Men's long distance cross-country classic skiing events at the 2006 Winter Paralympics were contested at Pragelato on 18–19 March.

There were 3 events, of 20 km or 15 km distance. Standings were decided by applying a disability factor to the actual times achieved.

==Results==

===20km Visually impaired===
The visually impaired event took place on 19 March.
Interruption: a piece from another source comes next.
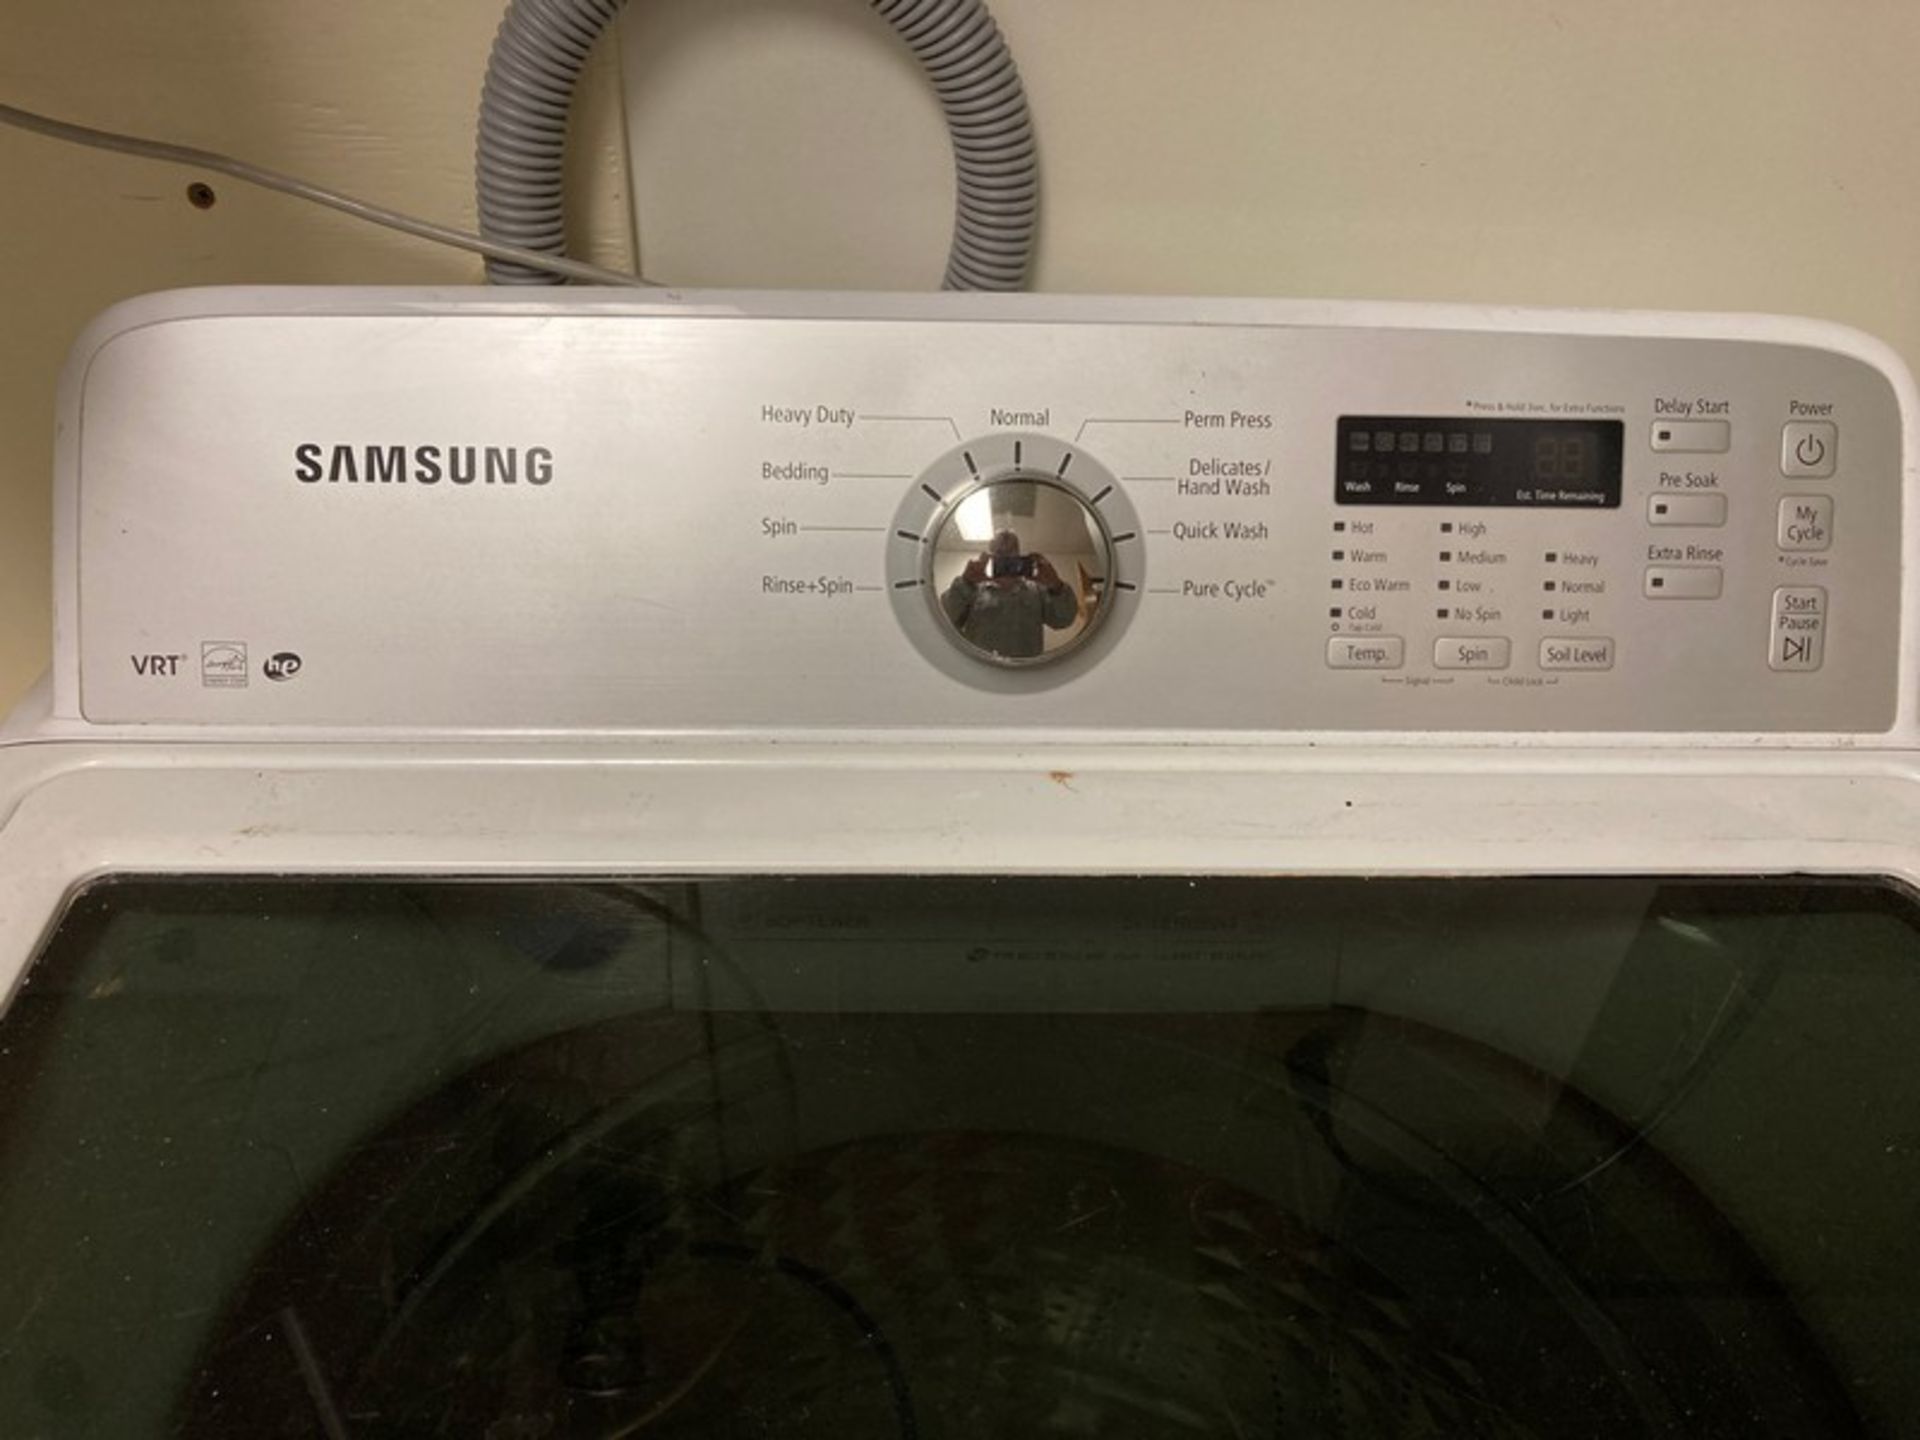 Samsung Hi-Efficiency Top Load Washer VRT / Working / Not Used for Lab Items. (Elevator Handling Fee

It was won by Oleh Munts, representing .

| Rank | Name | Country | Real Time | Factor | Finish Time |
|---|---|---|---|---|---|
| 1st place, gold medalist(s) | Oleh Munts | Ukraine | 1:05:26.3 | 87 | 0:56:55.9 |
| 2nd place, silver medalist(s) | Brian McKeever | Canada | 1:57:07.6 | 100 | 0:57:07.6 |
| 3rd place, bronze medalist(s) | Vasili Shaptsiaboi | Belarus | 0:59:19.5 | 98 | 0:58:08.4 |
| 4 | Valery Koupchinsky | Russia | 1:07:02.1 | 87 | 0:58:19.2 |
| 5 | Wilhelm Brem | Germany | 1:07:10.6 | 87 | 0:58:26.6 |
| 6 | Frank Höfle | Germany | 0:59:57.2 | 98 | 0:58:45.3 |
| 7 | Helge Flo | Norway | 1:09:57.2 | 87 | 1:00:51.6 |
| 8 | Irek Mannanov | Russia | 1:01:30.9 | 100 | 1:01:30.9 |
| 9 | Jarmo Ollanketo | Finland | 1:04:08.6 | 98 | 1:02:51.6 |
| 10 | Michael Bentele | Germany | 1:13:21.4 | 87 | 1:03:49.2 |
| 11 | Elie Zampin | France | 1:05:08.9 | 100 | 1:05:08.9 |
| 12 | Ragnar Sorhaug | Norway | 1:09:52.8 | 98 | 1:08:28.9 |
| 13 | Franz Gatscher | Italy | 1:17:40.8 | 98 | 1:16:07.6 |
| 14 | Zeinolla Seitov | Kazakhstan | 1:22:00.3 | 100 | 1:22:00.3 |
| 15 | Ivan Ivanov | Bulgaria | 1:27:27.5 | 100 | 1:27:27.5 |
|  | Philippe Terral | France | DQ |  |  |
|  | Vitaliy Lukyanenko | Ukraine | DNS |  |  |
|  | Marian Balaz | Slovakia | DNS |  |  |

===15km Sitting===
The sitting event took place on 18 March. It was won by Iurii Kostiuk, representing .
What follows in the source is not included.